И вдруг ему стало не по себе оттого, что вот эти поля, в возделывание которых вложено много и его личного труда, будут снова искромсаны «по инструкции о введении севооборотов», снова начнется переход к «новому» севообороту. И все это будет чуть ли не в десятый раз при его жизни. Земля не прощает. И он, агроном, не может простить того, что его, понявшего землю, на которой он родился, обвинили в том, что он по своему усмотрению и с согласия колхозников ввел короткий севооборот, вопреки «инструкции». Он всегда считал нелепостью положение, когда к лозунгу «Больше хлеба!» прибавлялось условие: только при таком-то севообороте, а не при каком-либо другом; при такой-то системе земледелия, а не при какой-либо другой. Он был убежден, что каждый колхоз, каждое поле в колхозе имеет свои особенности, отличные от других колхозов и других полей. Земля, насыщенная неисчислимым количеством бактерий, живет своей жизнью. Понять эти особенности – значит понять землю. И он старался понять. Но его-то не поняли, обвинили в анархизме, в нарушении указаний вышестоящих организаций и… освободили от работы.

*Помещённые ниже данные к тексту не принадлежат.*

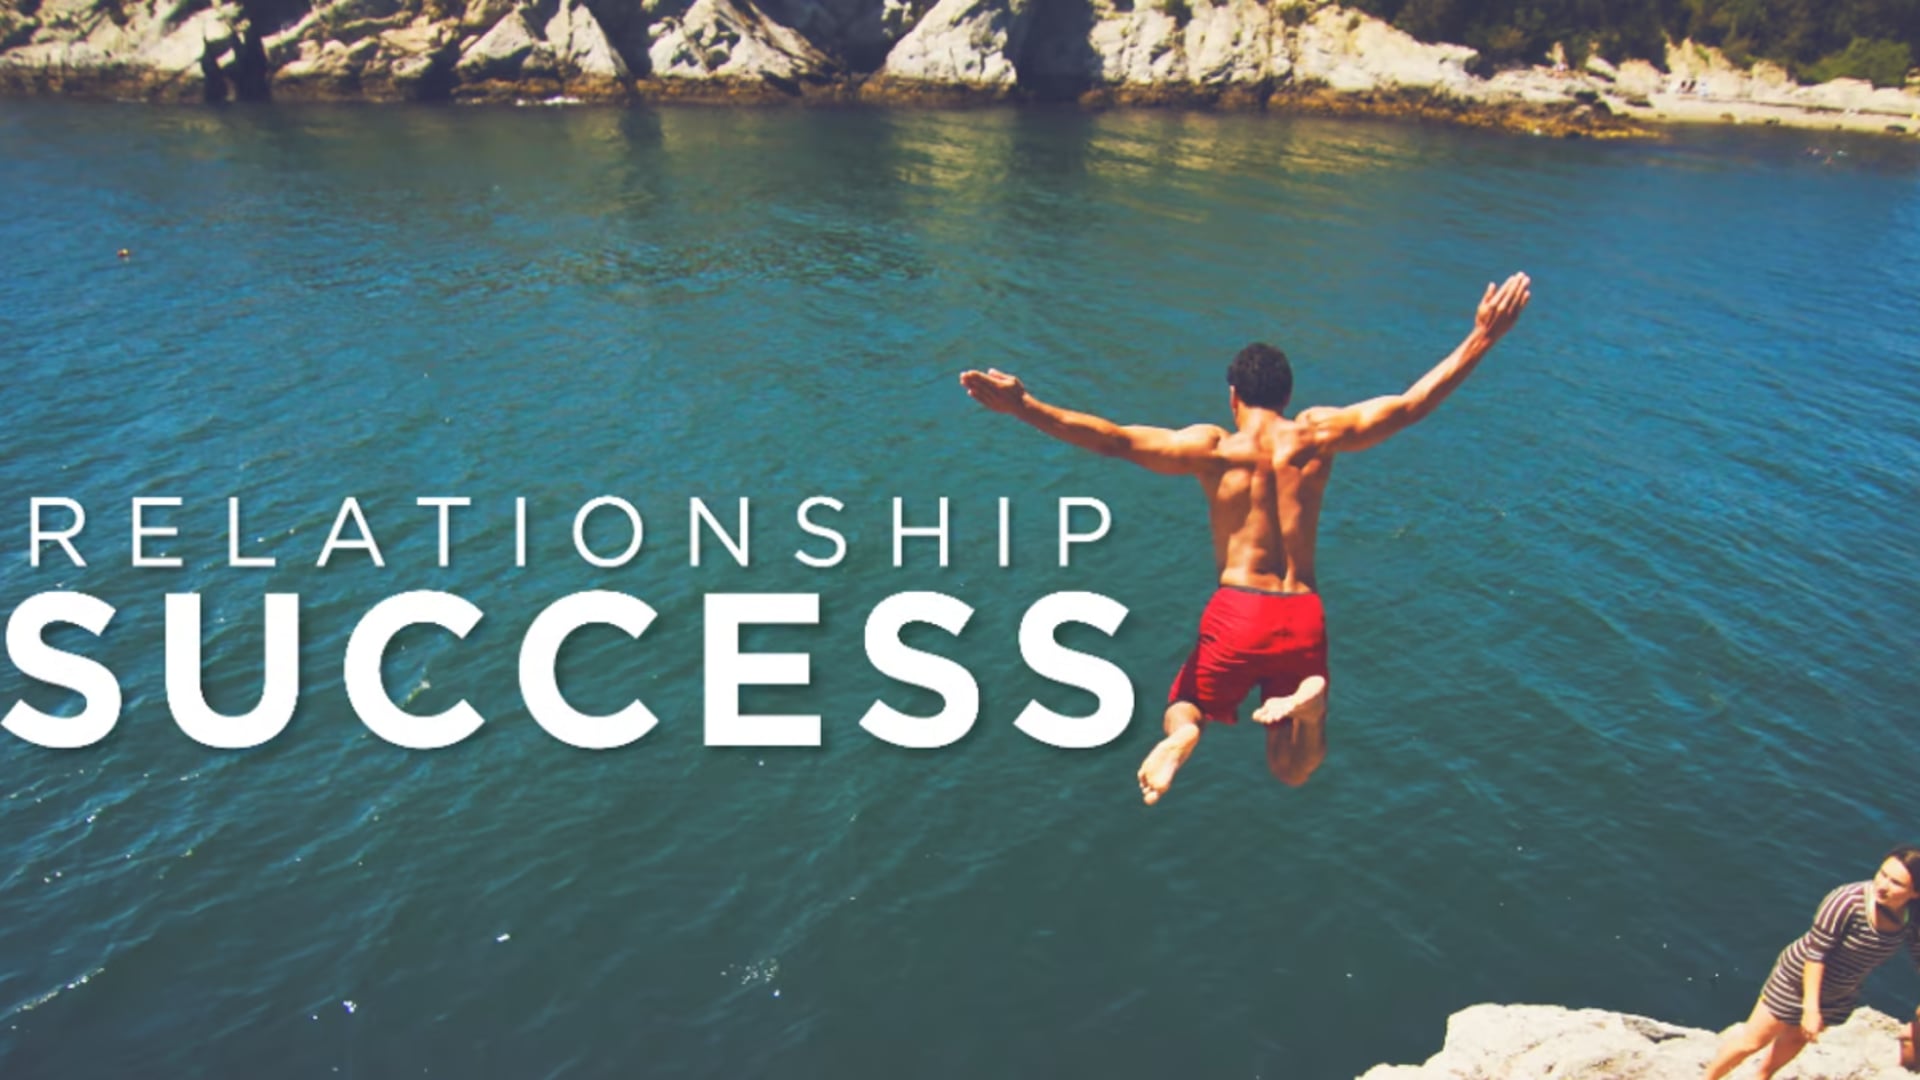 Relationship success

Шел агроном по полям, но он не был агрономом этих полей. Земля уже не подчиняется ему. Чувство одиночества и оторванности закрадывалось ему в душу. Он на ходу гладил колосья ржи, прикасался к шершавым листьям подсолнечника, останавливался, подолгу смотрел вдаль и снова шел, но все тише и тише. Было грустно. Из своих дум он еще не сделал какого-то вывода. Что-то уже мерещилось ему, но он еще не додумал, не решил. Так иногда человек мучительно старается припомнить какую-то мысль, мелькнувшую однажды. Грусть заслонила строй мыслей, среди которых была какая-то важная. Филипп Иванович встряхнул головой и зашагал быстрее. И вдруг остановился, услышав звук трактора. Потом зашел прямо в рожь. Он вспомнила этот сорт ржи выведен Герасимом Ильичом Масловским, а вот та пшеница – известным селекционером-женщиной. Оба селекционера – знакомые ему люди. Вот и трактор звучит. Он тоже изобретен учеными. Тракторные плуги – тоже. А культиваторы, а комбайны? – уже спрашивал себя Филипп Иванович.

Так, постепенно, он перешел от мысли о себе к мысли о том, что в поле, везде, во всем, на каждом шагу, видно влияние сельскохозяйственной науки, настоящей науки, а не чернохаровской.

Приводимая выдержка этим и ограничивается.